"Hello, I am a big follower of yours."
ranging from the simple (trite?) "thank you" to the total abstract- the fact that no reply could be ideal means any reply will suffice- "does that mean you'll come to my hotel room?", "fuck off", "i hope your mother approves", words, any and all. the full spectrum, even the colors invisible to the human eye. silence can even work, carried by a long, cool gaze.
"Hello, I am a big follower of yours."
"Thank you." (let's keep it simple)
So then what? Me- by which i mean you- know this person. you have witnessed what they can do, pored over interviews of them "baring it all", teeth included, and yet- jamais vu- you are talking to a stranger. which should be discouraging, or humbling, rather (preferably) but actually isn't, because you like this person. you want to know more about this person. you have not yet had the (dubious) honor of watching their mannerisms, their affectations (face it- both of you know you aren't in this just to ask the time) and so you plow forward, attempting to till that well-trod path of adoration and admiration with the seeds of wit (watch your parlance, they may be flattered but they ain't no fool) hoping that an ineffable (as in f--- this, f--- that immune) connection flowers between the two of you.
it might happen. "we are not so unlike each other, you and i" is what you think, feel. express.

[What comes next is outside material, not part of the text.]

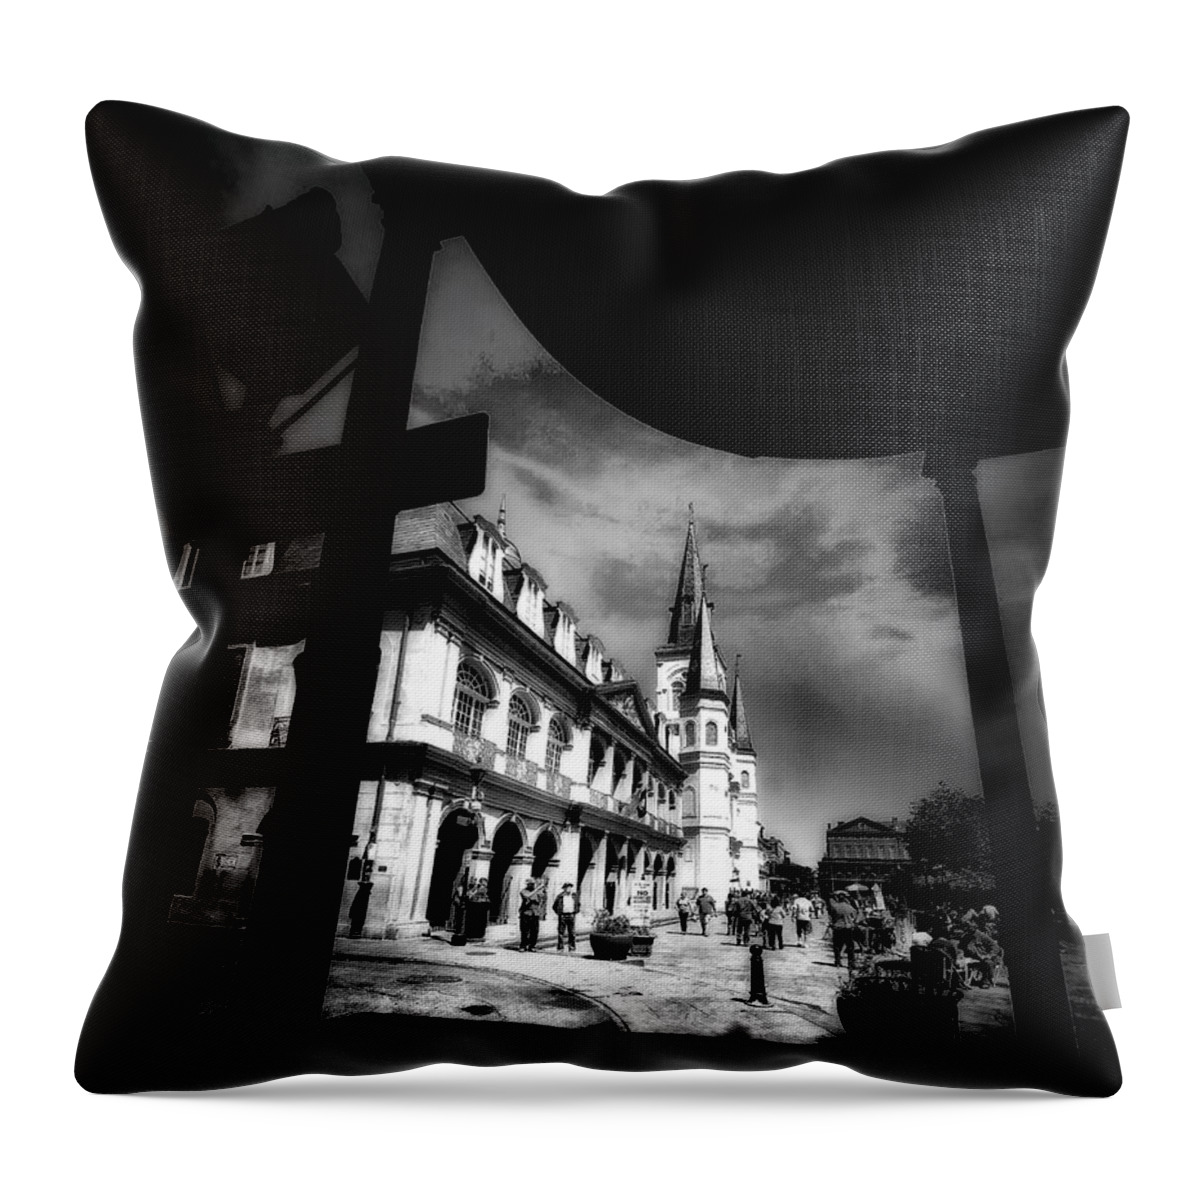 Architectural Art Throw Pillow featuring the photograph Round Corner by Robert McCubbin
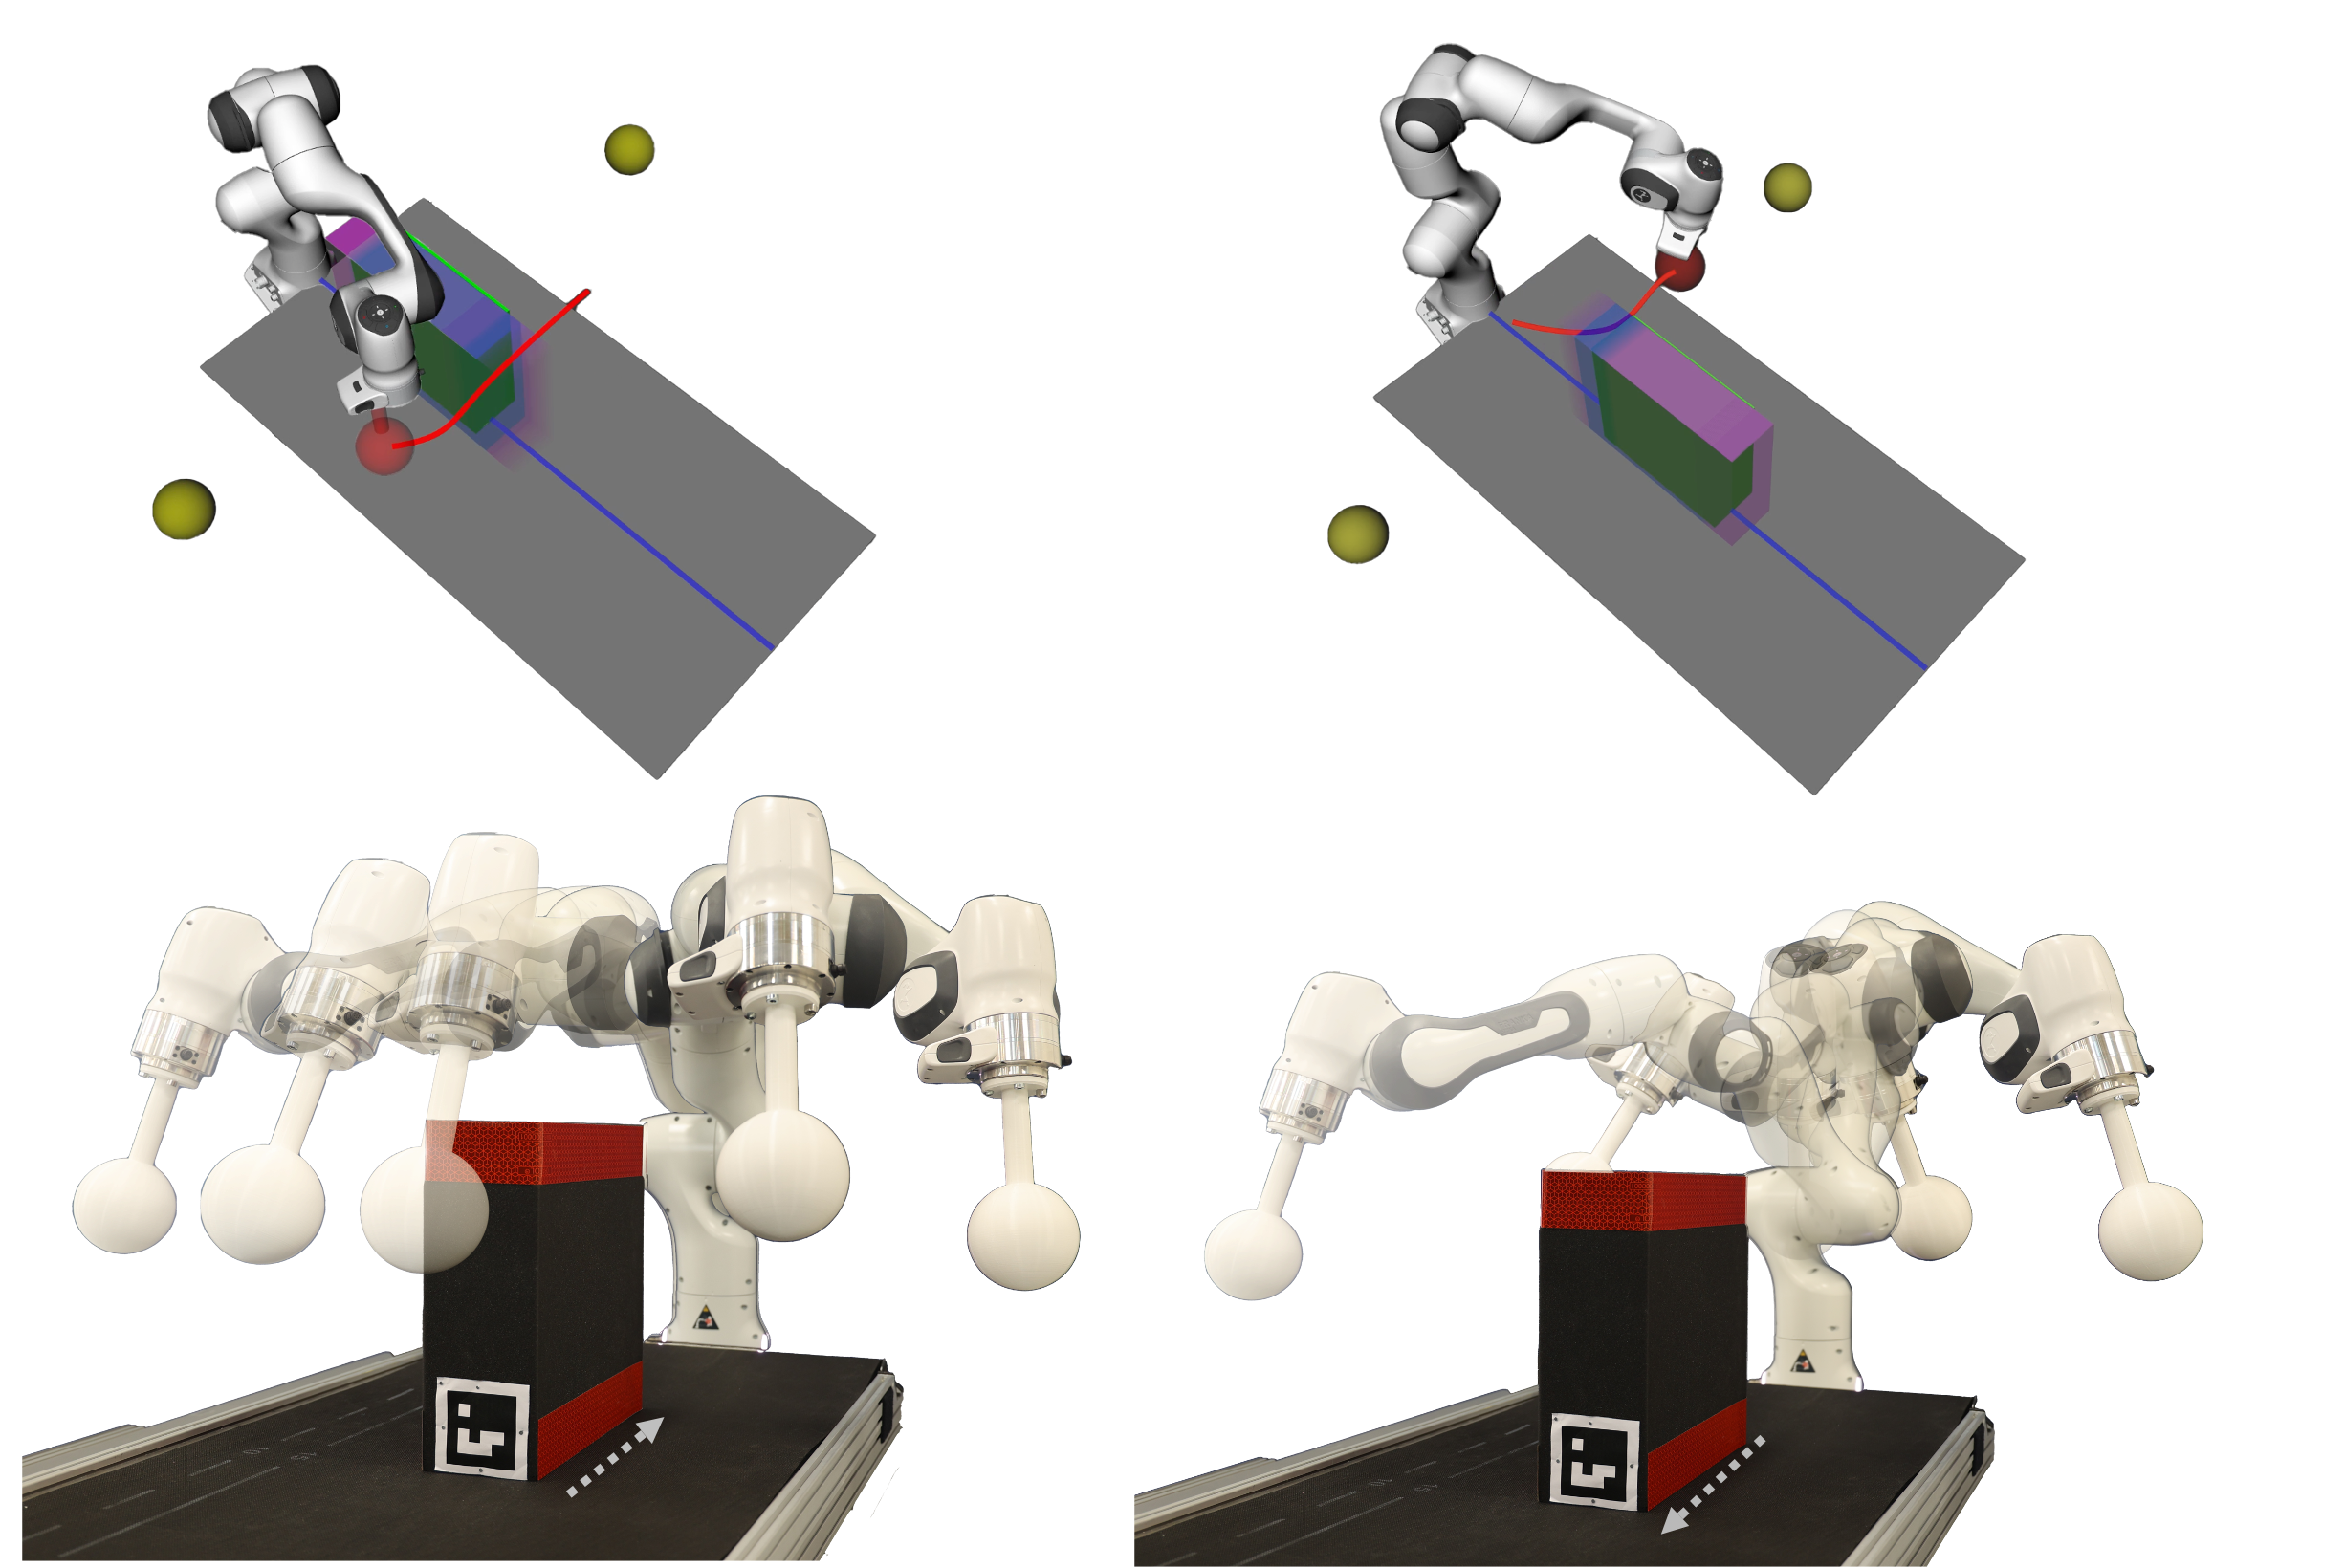 CC-VPSTO: Chance-Constrained Via-Point-based Stochastic Trajectory Optimisation for Safe and Efficient Online Robot Motion Planning

but the barrier remains, they in one camp, you in another, not even existing before, but before was before you said hello.
more specifically, hello, this is me, and i like you, i follow your work, i follow you. can this be construed as a glancing blow from the hand that must be held? you follower, you.
BUT I LOVE WHAT THEY DO
you declare, hands up in that look-i-know-it-might-be-lame-but-i'm-being-honest-and-isn't-that-a-lot-like-being-passionate-and-true,-in-this-context? sort of way.
be that as it may, fawning is fawning. curry favor with curry flavor, as in they are human, so are you, and that fact is actually the Great Leveller that makes us all equal. let's present ourselves, gift ourselves, in our best bow and ribbon display. tada! data. people like to say 'no, no mirrors please, no smoke, it makes me cough, just give me you, plain old you, as you are. this is what i want to see.' which is well-intentioned but really. it's just what you think you want to see. you want to see smoke and mirrors- and what's the difference? because how we project ourselves is an extension of- or not even that, it actually is- who we are.
so in short when they see you and you see them you use your mirror and you reflect their thoughts- you are not so unlike each other- and peer into them, into their routine (it's been there all along, it's just that it's all you've ever seen- you've been duped) and know them as your brother or sister, and all that implies (infers?).
the Golden Rule has many ancillary applications- it's not all about kindness, you fucks- it's all about where you place yourself and where you place others, which need not be reflected in each other- the mirror is, after all, a metaphor- so when you practice it (or better yet, utilize it) don't make the rookie mistake of thinking that by denying this vagrant his greedy gulps of tobacco (he calls it charity) that you're entitling him reprisal. The hands that holds (remember?) the Golden Rule can deliver a glancing blow. so when that asshole with the hot wife that looks slightly boozy and slightly crazier cracks you a fat one in the face for gawping a moment too long, don't feel slighted. that's kismet. through this slight, we see the sleight of hand. from the hand that is held, to the hand that holds, to the hand that holds the sway in all things you do- yes, you- jamais vu. we see ourselves performing one action- kissing our loved ones before they leave for work- and think the world unfair when we drive into a tree four years later, and never making the connection all the while. this specific sleight of hand takes years for the reveal, and the flourish is that there is no flourish at all- so elegant and precise, that particular strain of music- it is immediately hidden beneath the blaring horns and tinny wails of our ware-hawking humanity. if you find the measure (use the Golden Rule) you will hear the clarion call.
so when you approach the person of your admiration, or are approached by an admirer, do not mire in that difficult and desolate terrain of compliments and erudite attitude- this is stating 'i follow your work', this is stating 'my hand needs to be held', this is stating 'i am hawking my wares', this is actually stating nothing. If you speak, you will be spoken to. attune yourself- we all have an affinity to some tune- and speak in that timbre.